Another group of individuals with aphasia, namely conduction aphasics, have also often been referred to in the monitoring debate. The common description of these individuals’ monitoring behavior is that their repeated attempts at repair bring them closer to the target. Often overlooked, however, is the fact that in many cases, they do not recognize a target when they hit it. For example, Kohn (1984) reports an individual who continues to repair his speech after he has correctly produced the target “igloo”: “/aj-, aj-, ajk-, ajgpl, ajpg-, ajglu, ej, iglu, ajglu, rgglu, glu, o, ajglu, Ijglu, li-, gli-, ajglu/, igloo, /iglu/, igloo…”. This behavior is a great example of quick successive repairs without explicit knowledge of the correct target, and as such is not a convincing piece of evidence for comprehension-based monitoring, which uses a clear standard of comparison, although it is compatible with both production-perception and production-based monitors.
The presence of ERN in cases of errors that were not consciously detected has been taken by us (and others) to provide support for monitoring mechanisms that could operate independent of conscious awareness. This, in turn, has been used to argue against the comprehension-based monitors which, as explained earlier, rely on conscious deliberate comparisons between a target and a response. Roelofs (2020) contests this claim by appealing to a meta-analysis concluding that the magnitude of the ERN can differ based on conscious awareness (Wessel, 2012). This conclusion, however, does not alter the original claim or its ramifications: the ERN is uncovered even on trials without conscious awareness, a finding that calls for a subconscious mechanism as its source. In interpreting the issues of statistical power, it is helpful to point out that the greater similarity in the amplitude of ERN in aware and unaware trials has been made in comparison with the significant differences observed between the two conditions on a later component, Pe, on the same set of trials (e.g., Ednrass et al., 2007). Note also that the direction of causality between the ERN and conscious awareness is unclear.
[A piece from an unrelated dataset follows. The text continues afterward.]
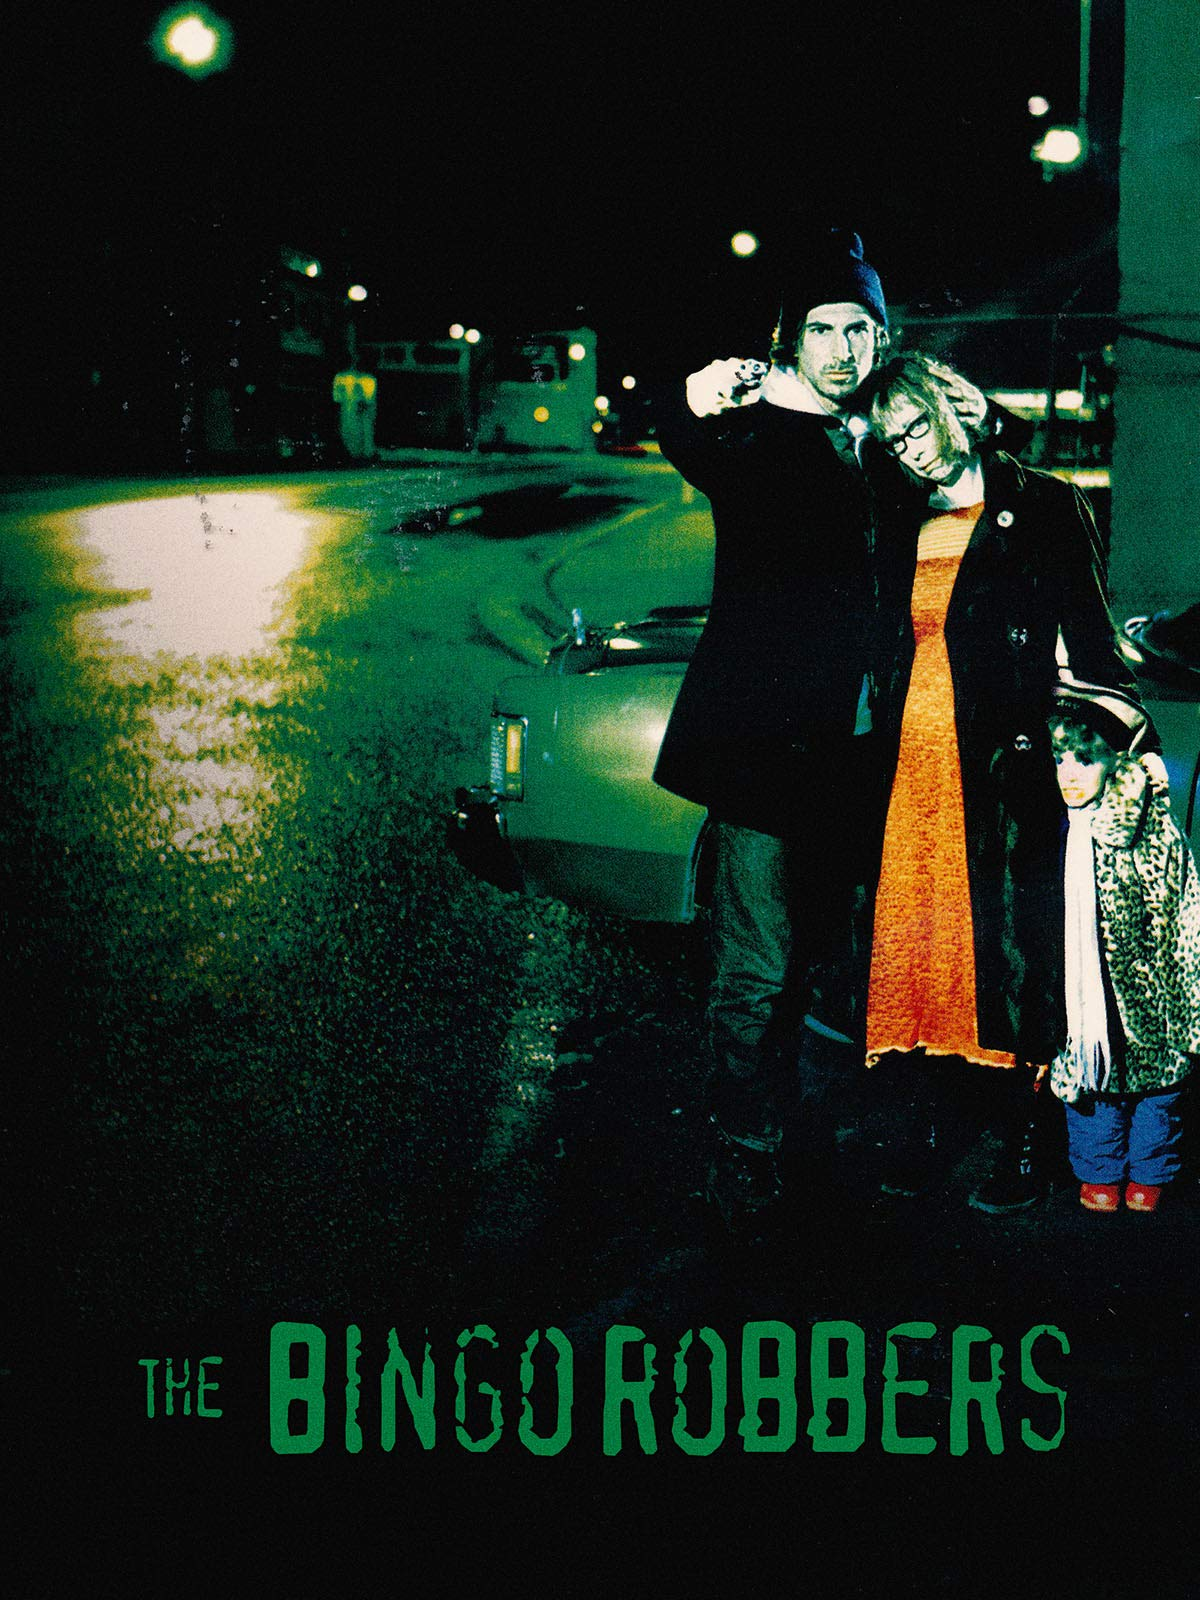 The Bingo Robbers

It is quite possible that whatever mechanism generates the ERN subsequently triggers awareness. In such a case, it is reasonable to assume that larger ERN amplitudes (which mark stronger involvement of the underlying mechanism) would be more likely to trigger conscious awareness. The critical point remains that the absence of conscious awareness does not preclude the elicitation of the ERN on error trials.
A general note about subconscious processing and attention is useful here. Proposing that a process is implicit and largely subconscious does not imply that it is immune to attentional regulation (see Moors & De Houwer, 2006, for an extension to automatic vs. controlled processing). An example is speech segmentation by statistical learning. The underlying process is largely implicit (infants do not explicitly learn the phonotactic rules of the language they hear), but can suffer when attention is divided (Toro, Sinnett, & Soto-Faraco, 2005). These findings are not contradictory; they simply imply that sufficient activation of the underlying representations is vital, even for operations that do not entail the application of explicit rules. Attention, defined most simply as neural gain, guarantees the sufficiency of such activation in the neural population involved in a given task.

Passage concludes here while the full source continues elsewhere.